· 6 min read
Proposals

Proposal Template for Google Docs: Free + Editable

A free proposal template for Google Docs with every section freelancers need, plus tips for personalizing it without losing professionalism.

Proposal Template for Google Docs: Free + Editable

Google Docs is free, collaborative, accessible from any device, and most clients already have a Google account. It’s a practical place to build and maintain a freelance proposal template. Here’s the structure to use and the few formatting decisions that will make it look polished.

The Google Docs proposal template structure

Every section below maps to a question your client is asking when they read your proposal.

Header block

At the top: your name or business name, your email, the client’s name and company, the date, and a proposal number. Use a two-column table for this — your info on the left, client info on the right — then remove the table borders so it reads as clean text.

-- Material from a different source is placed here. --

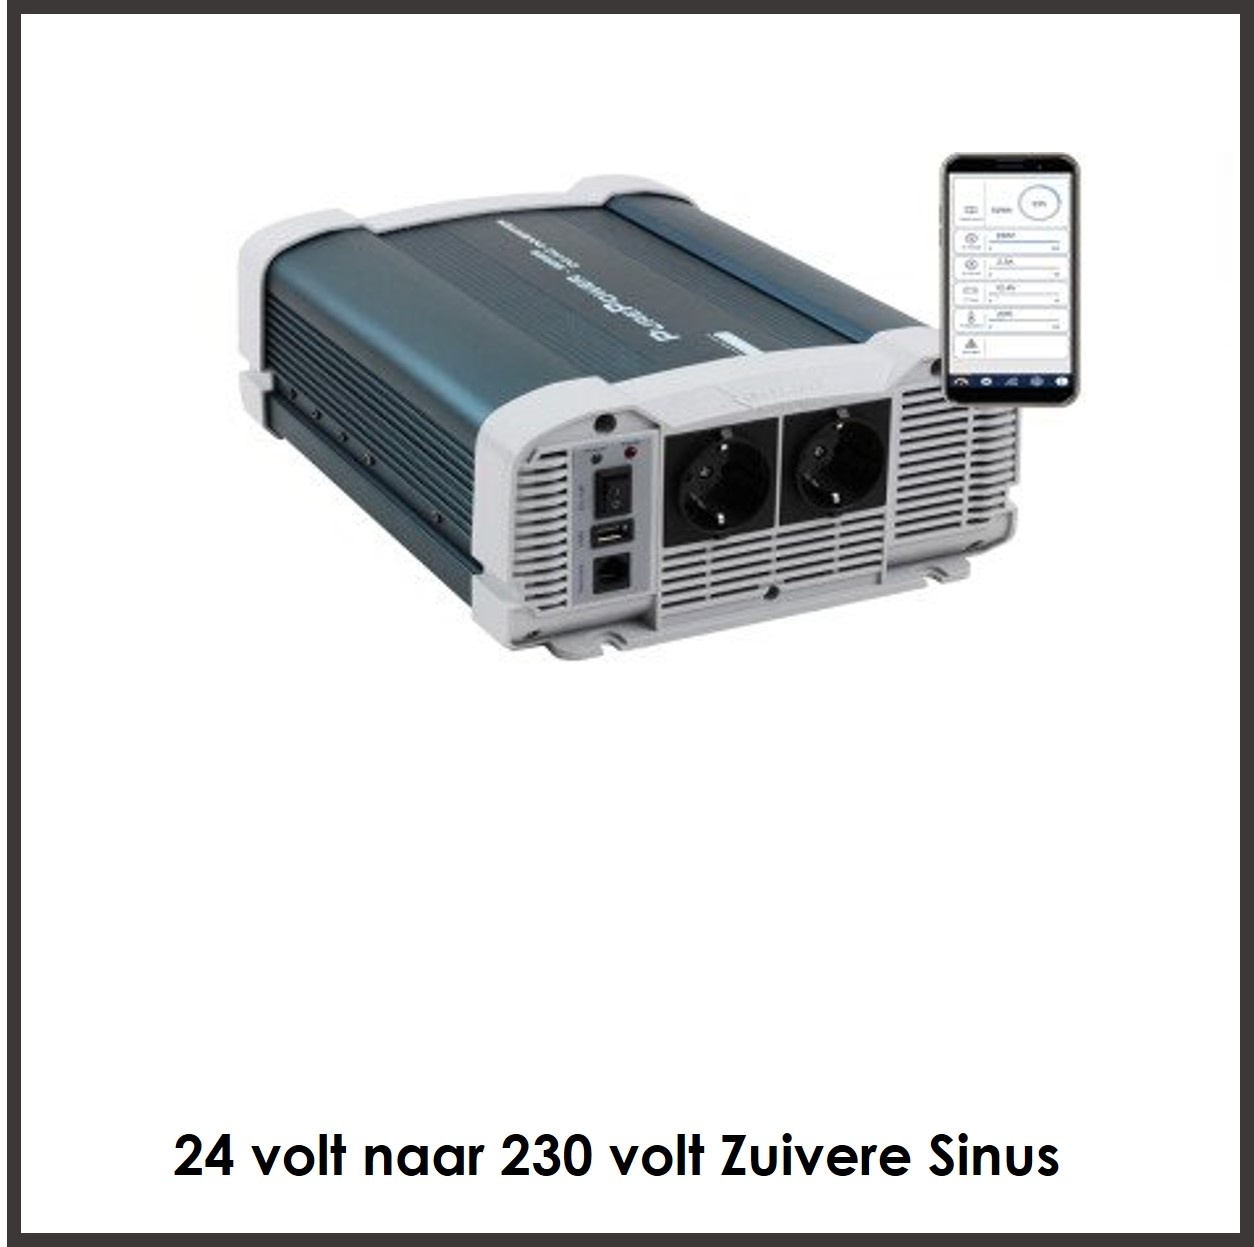 Zuivere Sinus Omvormers 24V naar 230V - PurePower
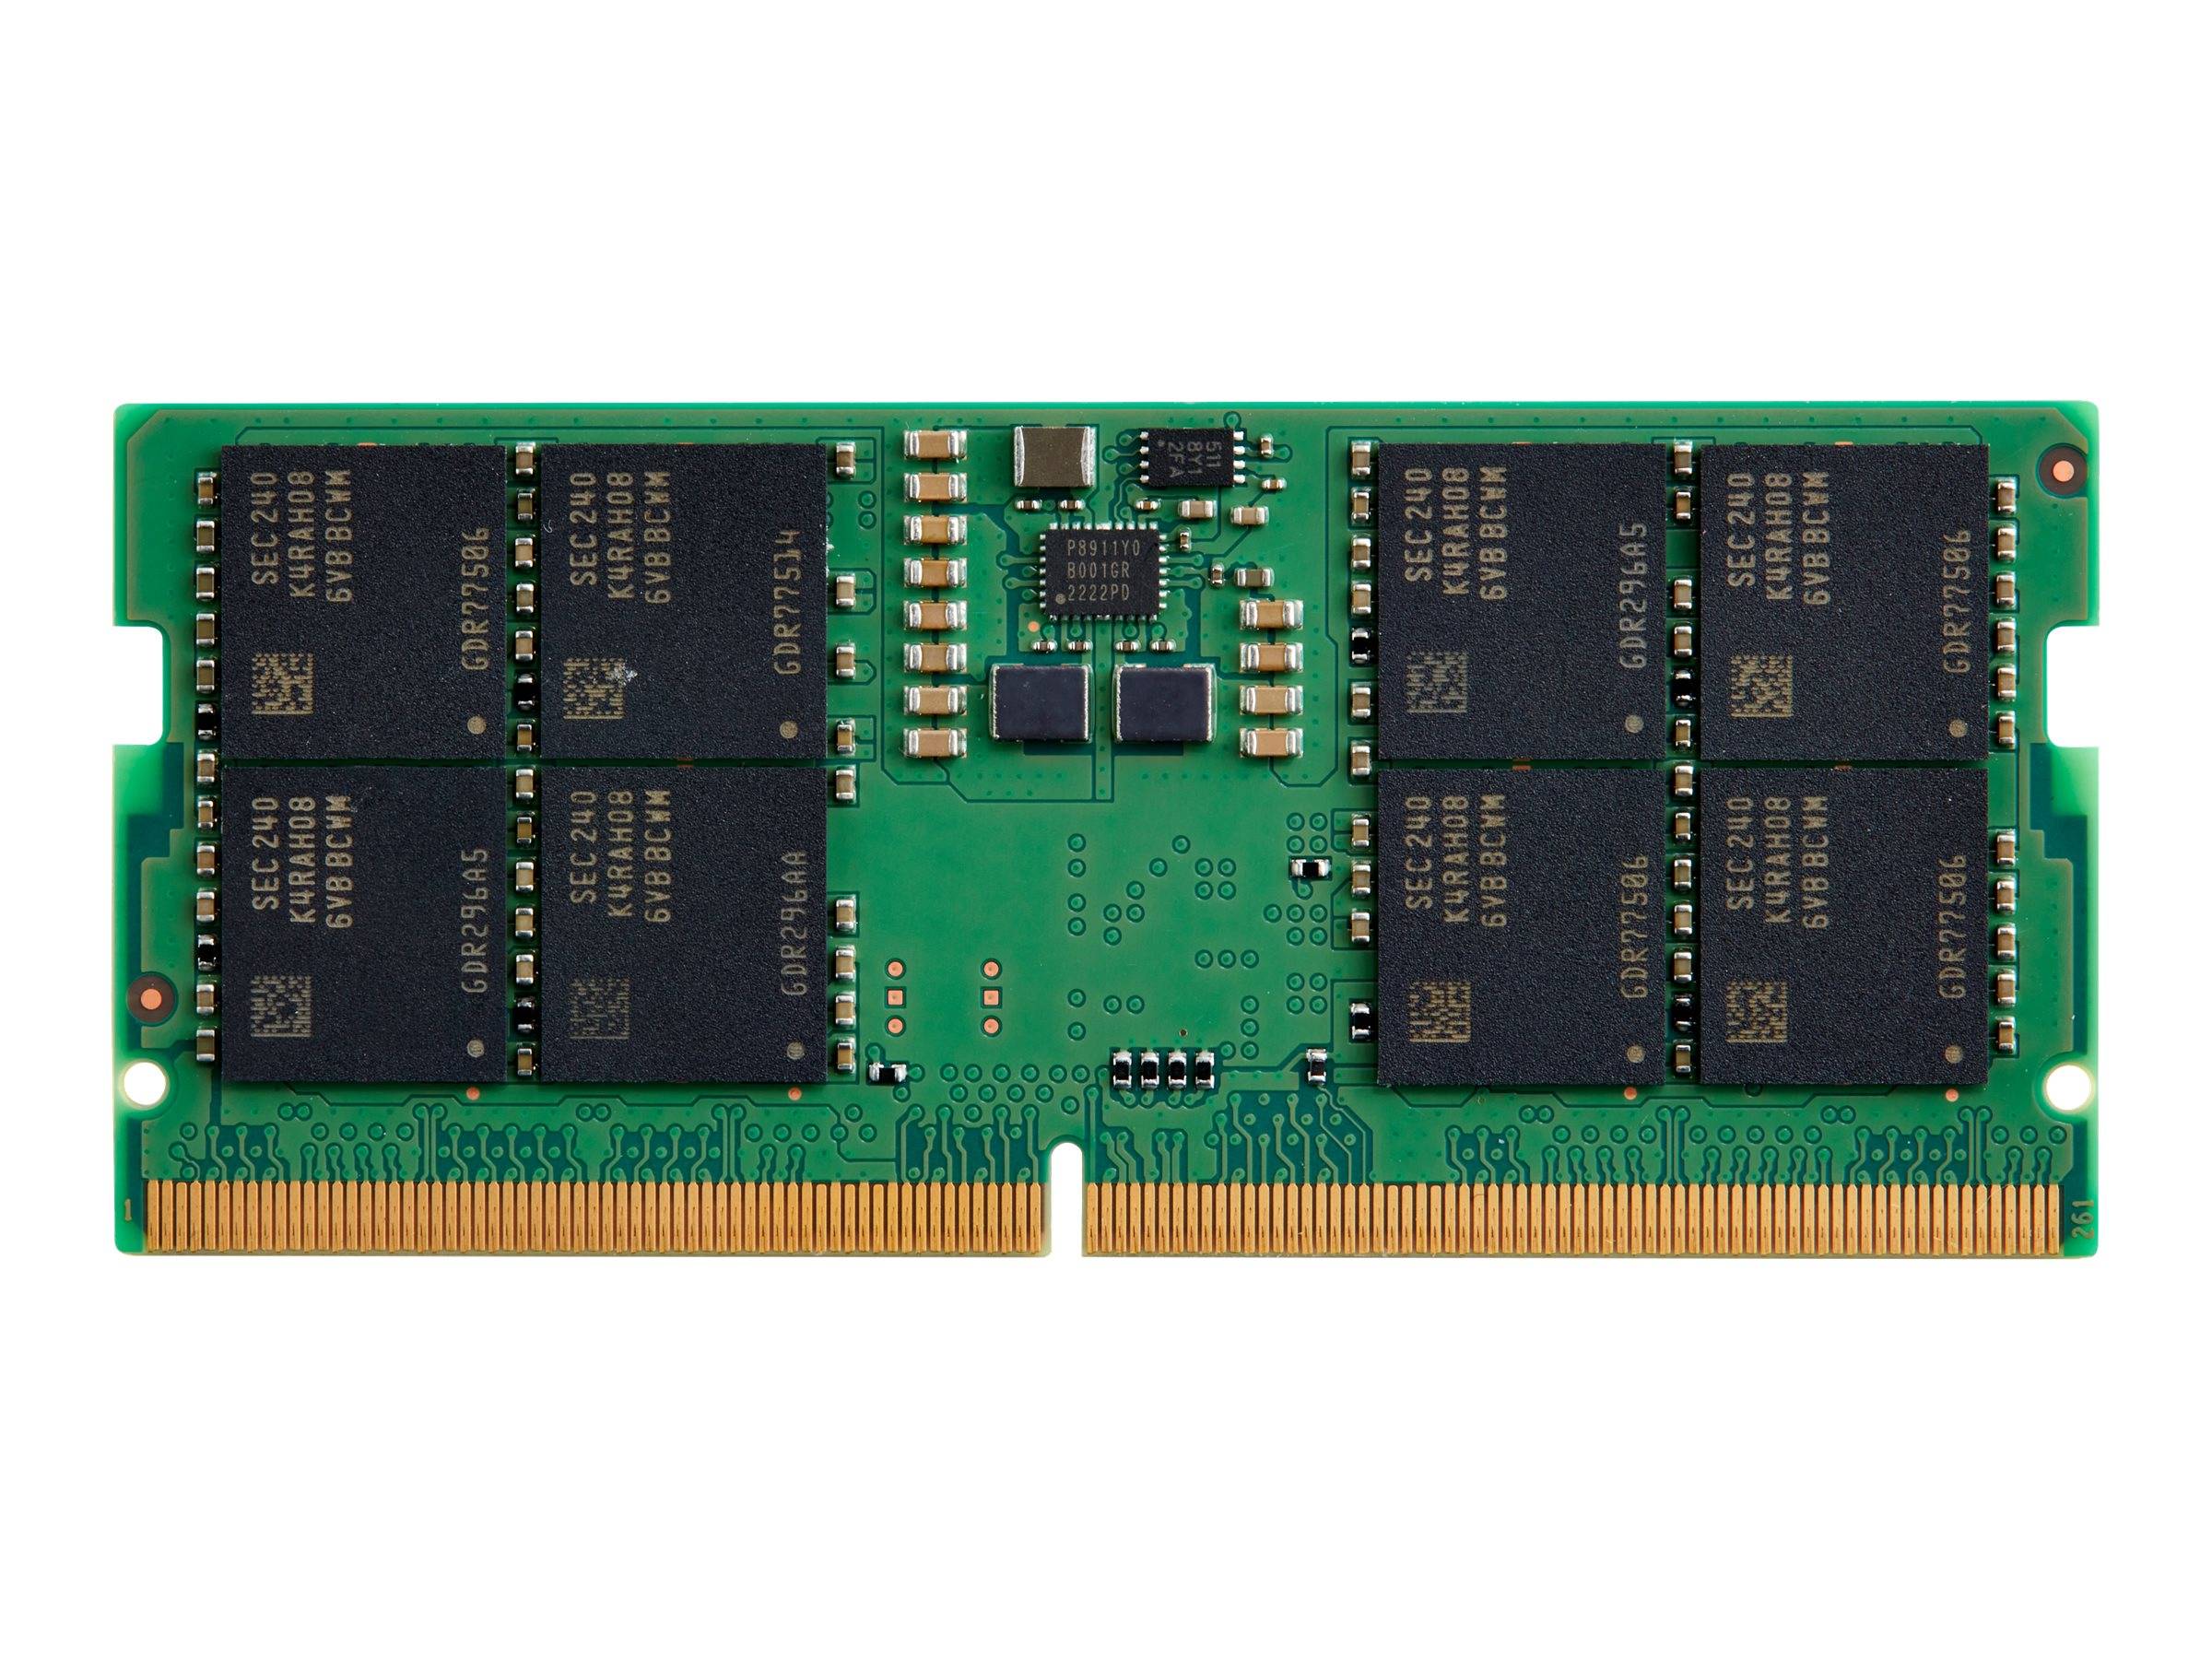 HP 16GB DDR5 5600MHz SODIMM Memory memory module

Project summary (50–80 words)

This section exists to prove you understood the brief. Restate the client’s situation in your own words — the problem they’re solving, what they’ve already tried, and what success looks like. Don’t copy-paste from their email. Paraphrase and show insight.

What you’ll deliver

Bullet-point list of specific deliverables. Each bullet should describe an output, not a task. “Brand identity package including primary logo, secondary logo, color palette, and typography guide, delivered in Figma and exported as print-ready files” is a deliverable. “Design your brand” is not.

Timeline

A simple table works best: Phase / Description / Duration / Notes. For a short project, three rows is fine. For longer ones, go up to six or seven. Don’t write out the timeline in prose — tables scan faster.

Investment

Your total price, payment terms, and what triggers each payment. Keep this section short. Clients don’t need a breakdown of how you arrived at the number unless you’re doing hourly billing — in which case, show rate × estimated hours.

About you

Two or three sentences maximum. Lead with your most relevant credential for this specific project, not a general bio. “I’ve built e-commerce stores for 14 direct-to-consumer brands, including [X], which hit a 3.1% conversion rate within 60 days of launch.”

Next step

One clear instruction. “Reply to this email with ‘approved’ and I’ll send the contract and first invoice within 24 hours” or “Sign below and return — we’ll schedule a kickoff call the same week.” Remove any ambiguity about what happens after the client says yes.

Formatting a Google Docs proposal

Google Docs formatting pitfalls to avoid:

Don’t use the default body font and heading styles. They work fine, but setting a custom heading style (Heading 1, Heading 2 from the styles dropdown) makes the document look intentional rather than default.

Use clear spacing between sections. Select a section heading, go to Format > Paragraph styles > Heading 1, and set 12pt space before the paragraph. This gives the document breathing room without manual line breaks.

Add your logo at the top using Insert > Image. Resize to 100–150px height max. Don’t let it dominate the page.

Set a consistent footer: your business name, email, “Proposal [number] — Confidential.” Insert it via Insert > Headers & Footers > Footer.

Before sending, always export the finished proposal as a PDF. Go to File > Download > PDF Document. This preserves your formatting exactly and prevents clients from accidentally editing the document.

Setting up your master template

The right way to maintain a Google Docs proposal template:

  1. Build your template with all seven sections
  2. Name it “PROPOSAL TEMPLATE — DO NOT EDIT”
  3. Move it to a dedicated “Templates” folder in your Google Drive
  4. When you need a new proposal, right-click > Make a copy, rename it “Proposal — [Client Name] — [Date]”
  5. Fill in the client-specific sections
  6. Export as PDF, send

Never work directly in your master template. One accidental save and you’ve overwritten weeks of refinement.

When to use Google Docs vs. proposal software

Google Docs proposals work for:

  • Projects under $3–5K where speed matters more than tracking
  • Clients who specifically prefer document attachments
  • Situations where you’re iterating with the client in real time (they can leave comments)

The gap shows up when you need to know if the client actually opened the proposal. A PDF attachment gives you nothing. A Google Docs link gives you nothing useful either — Docs shows you when someone with edit access modified it, not when a view-only reader opened it.

Proposal software like Waco sends a tracked link so you see exactly when the client opens it and how much time they spend on each section. For proposals over $5K, that visibility changes how you follow up. You stop guessing and start responding to actual behavior.

For quick, simple projects, your Google Docs template does the job. Build it once, refine it over a few proposals, and you’ll have a solid foundation that takes 30–40 minutes to customize for each new client.